Task directions:
As output, give the exact lines from the one containing "Top 3 livres" through the end of the listing below, both included, without the pictures.

Dataset excerpt:
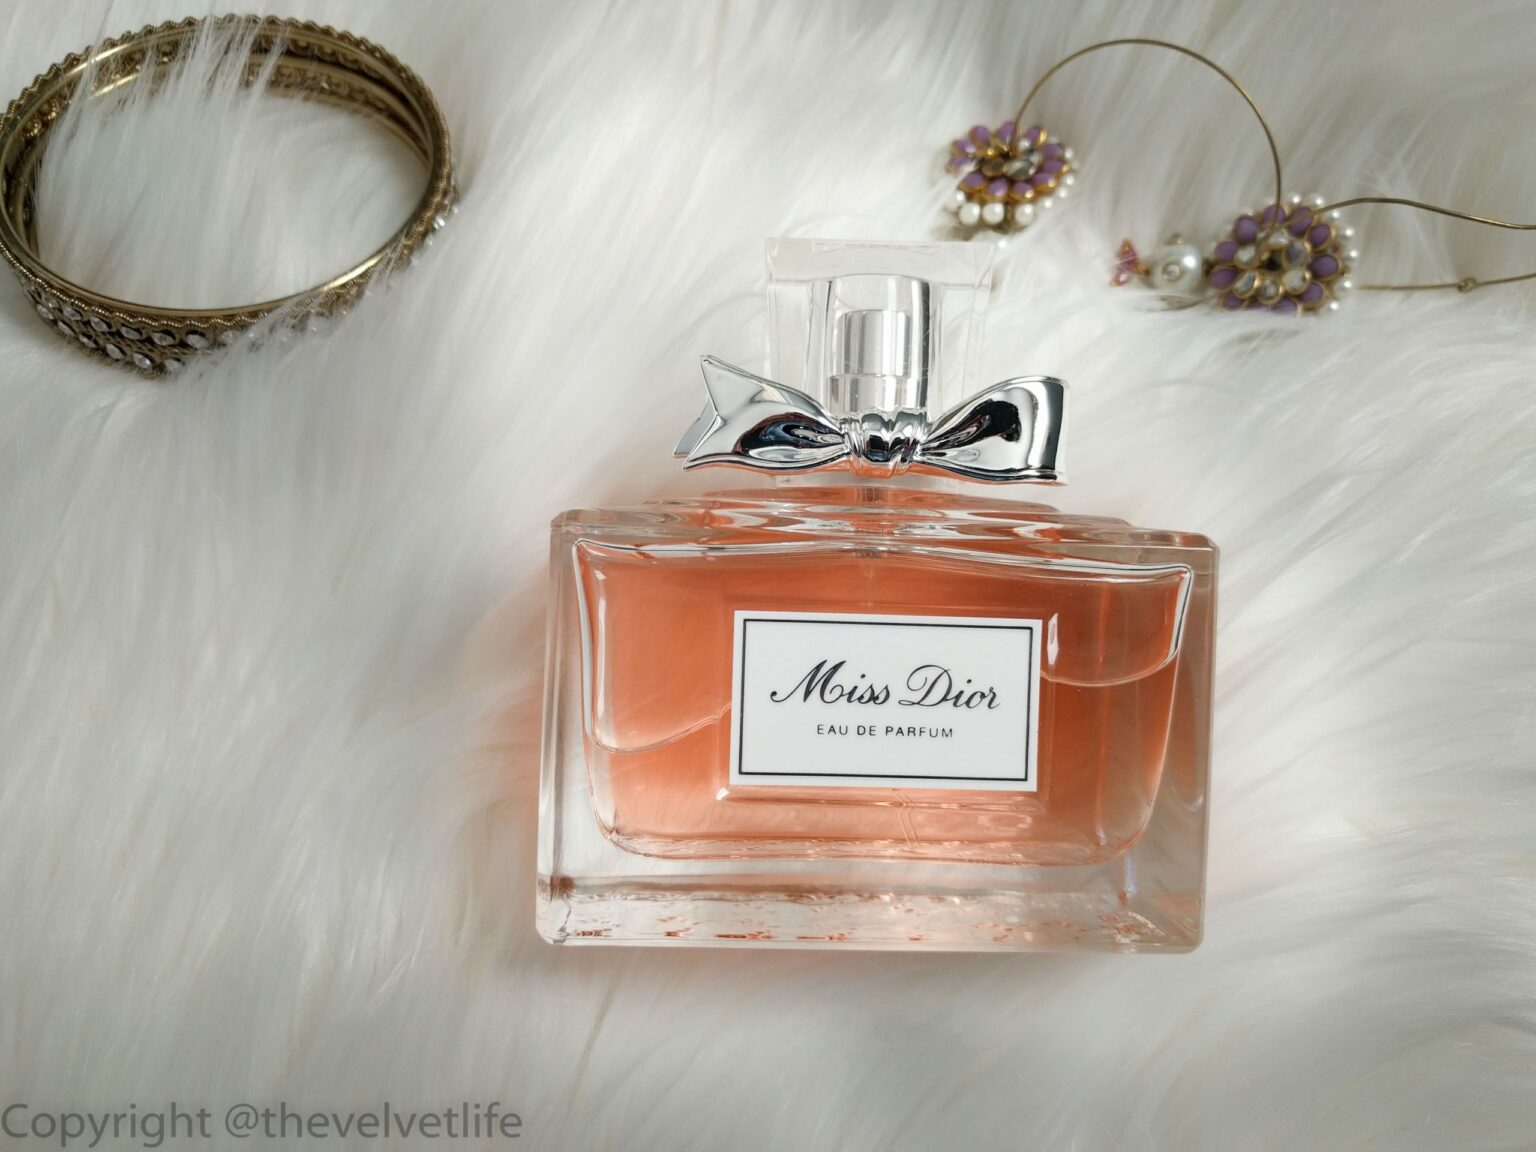 Miss Dior - Smells Like Love, Really? - The Velvet Life
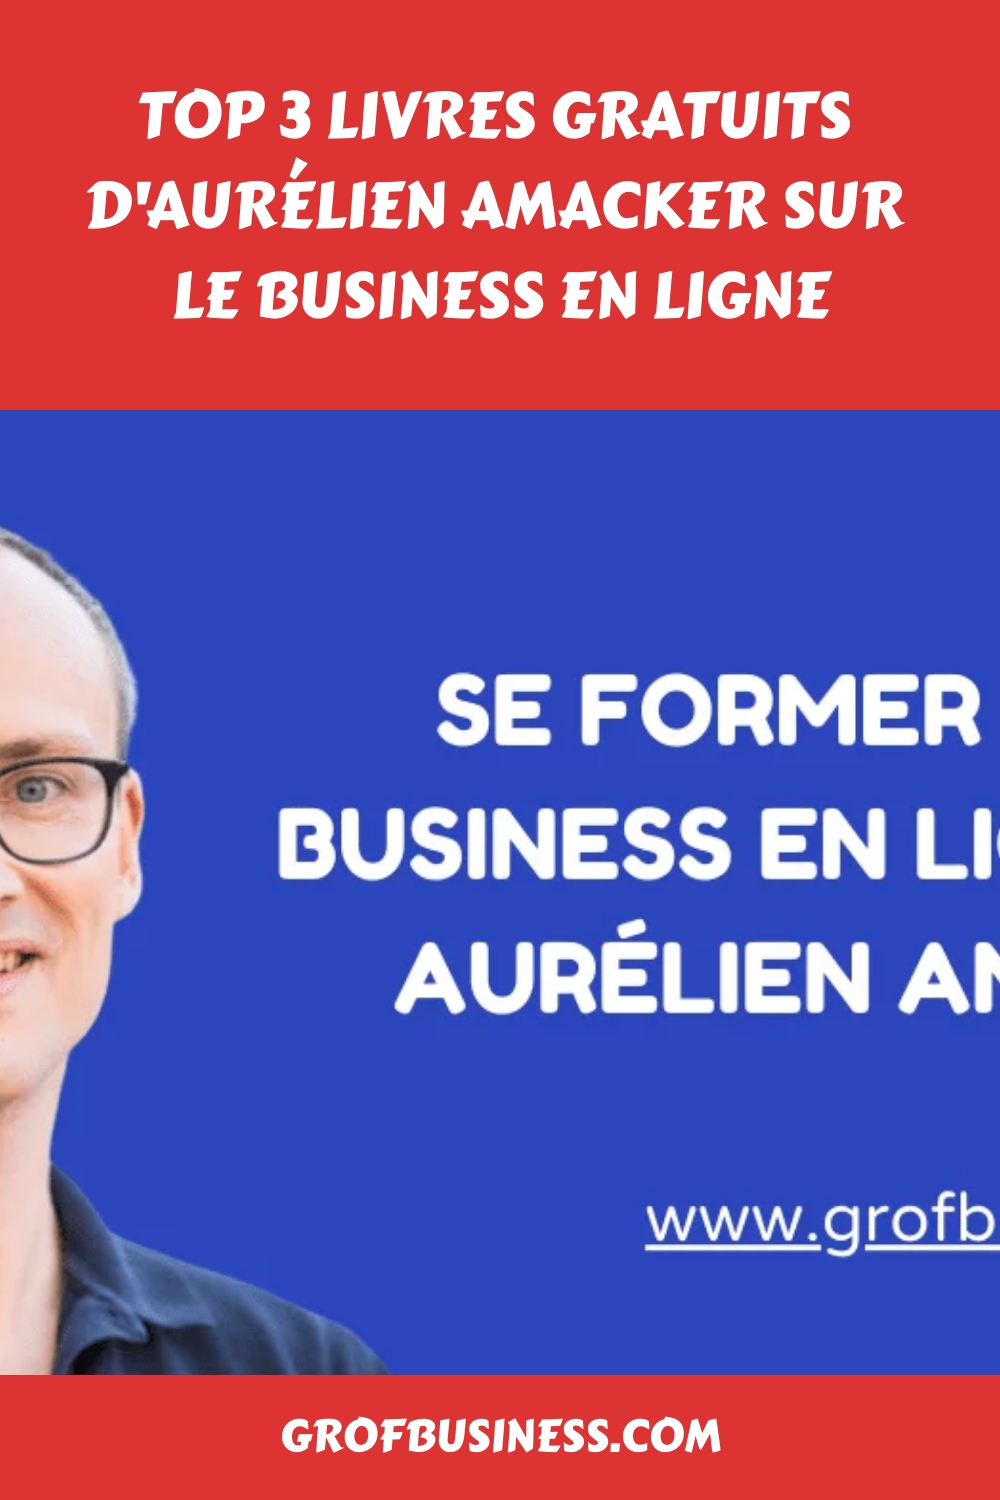 Top 3 livres gratuits d'Aurélien Amacker sur le business en ligne
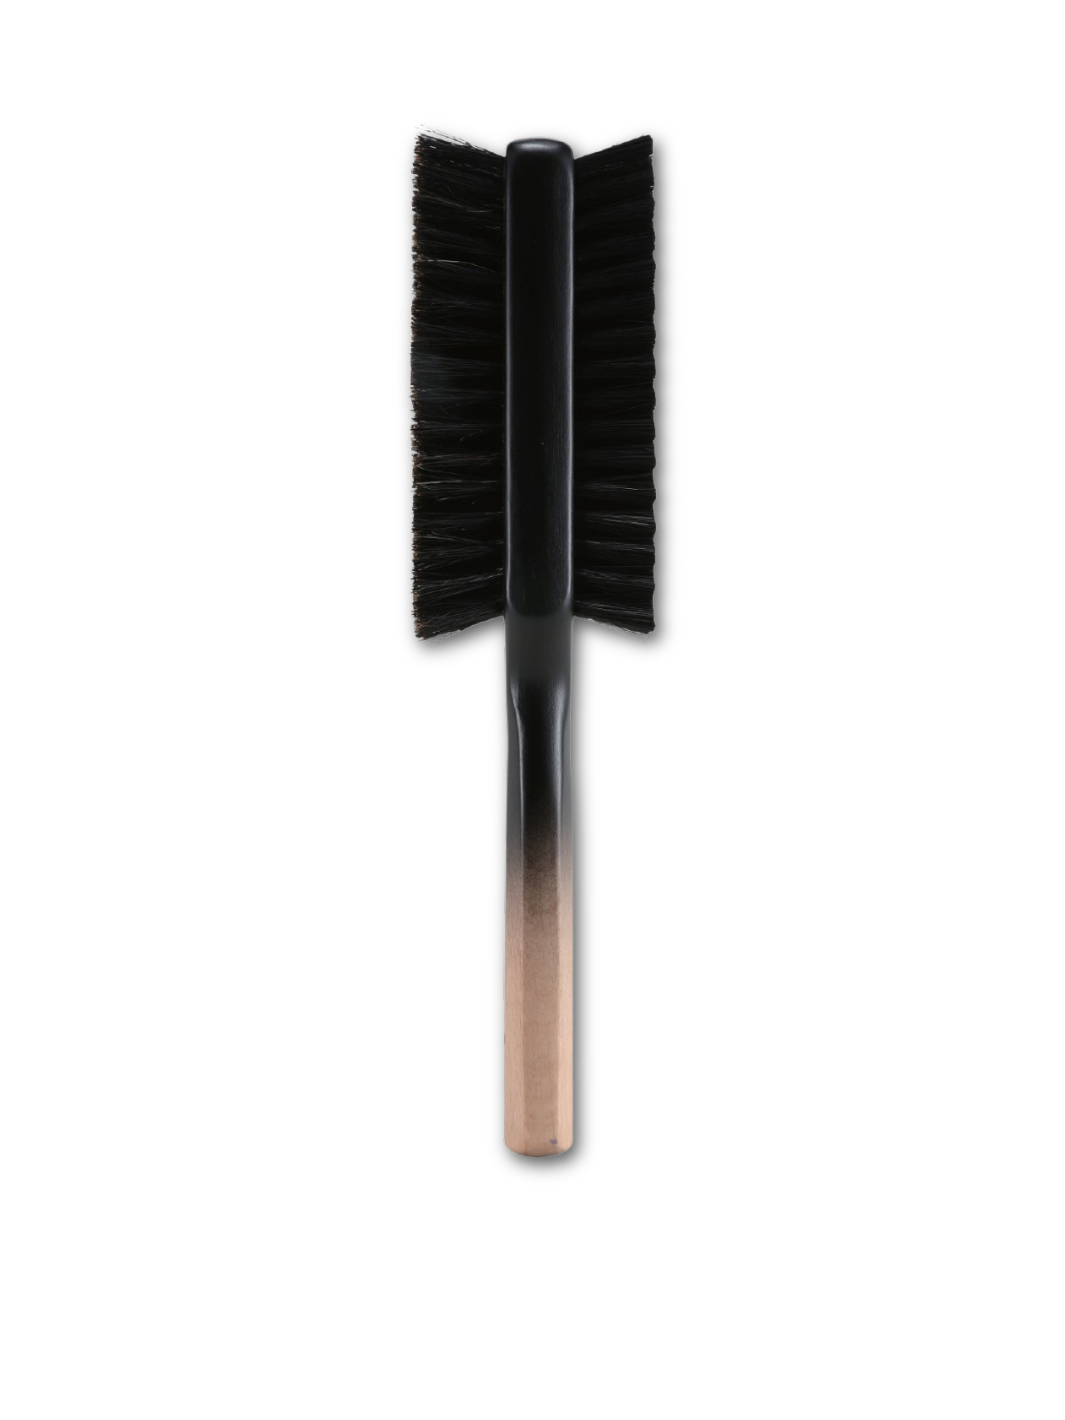  JRL Premium Double-Sided Brush mit ergonomischem Griff und zwei Bürstenseiten, erhältlich bei Phullcutz.
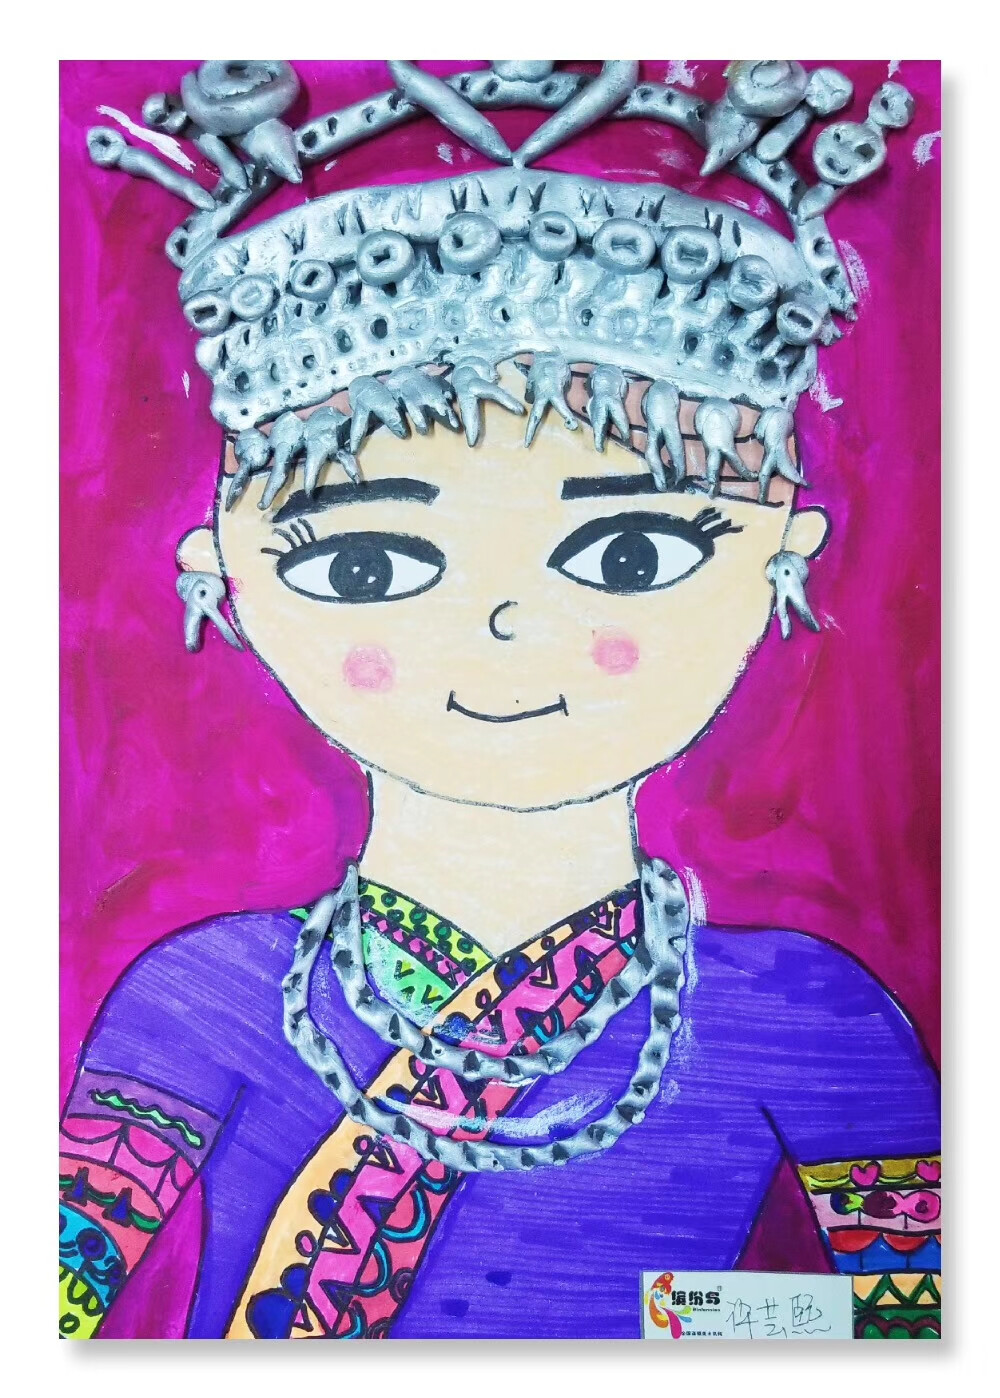 傣族儿童简笔画涂色图片

Response box:
 Top 3 livres gratuits d'Aurélien Amacker sur le business en ligne
  JRL Premium Double-Sided Brush mit ergonomischem Griff und zwei Bürstenseiten, erhältlich bei Phullcutz.
 傣族儿童简笔画涂色图片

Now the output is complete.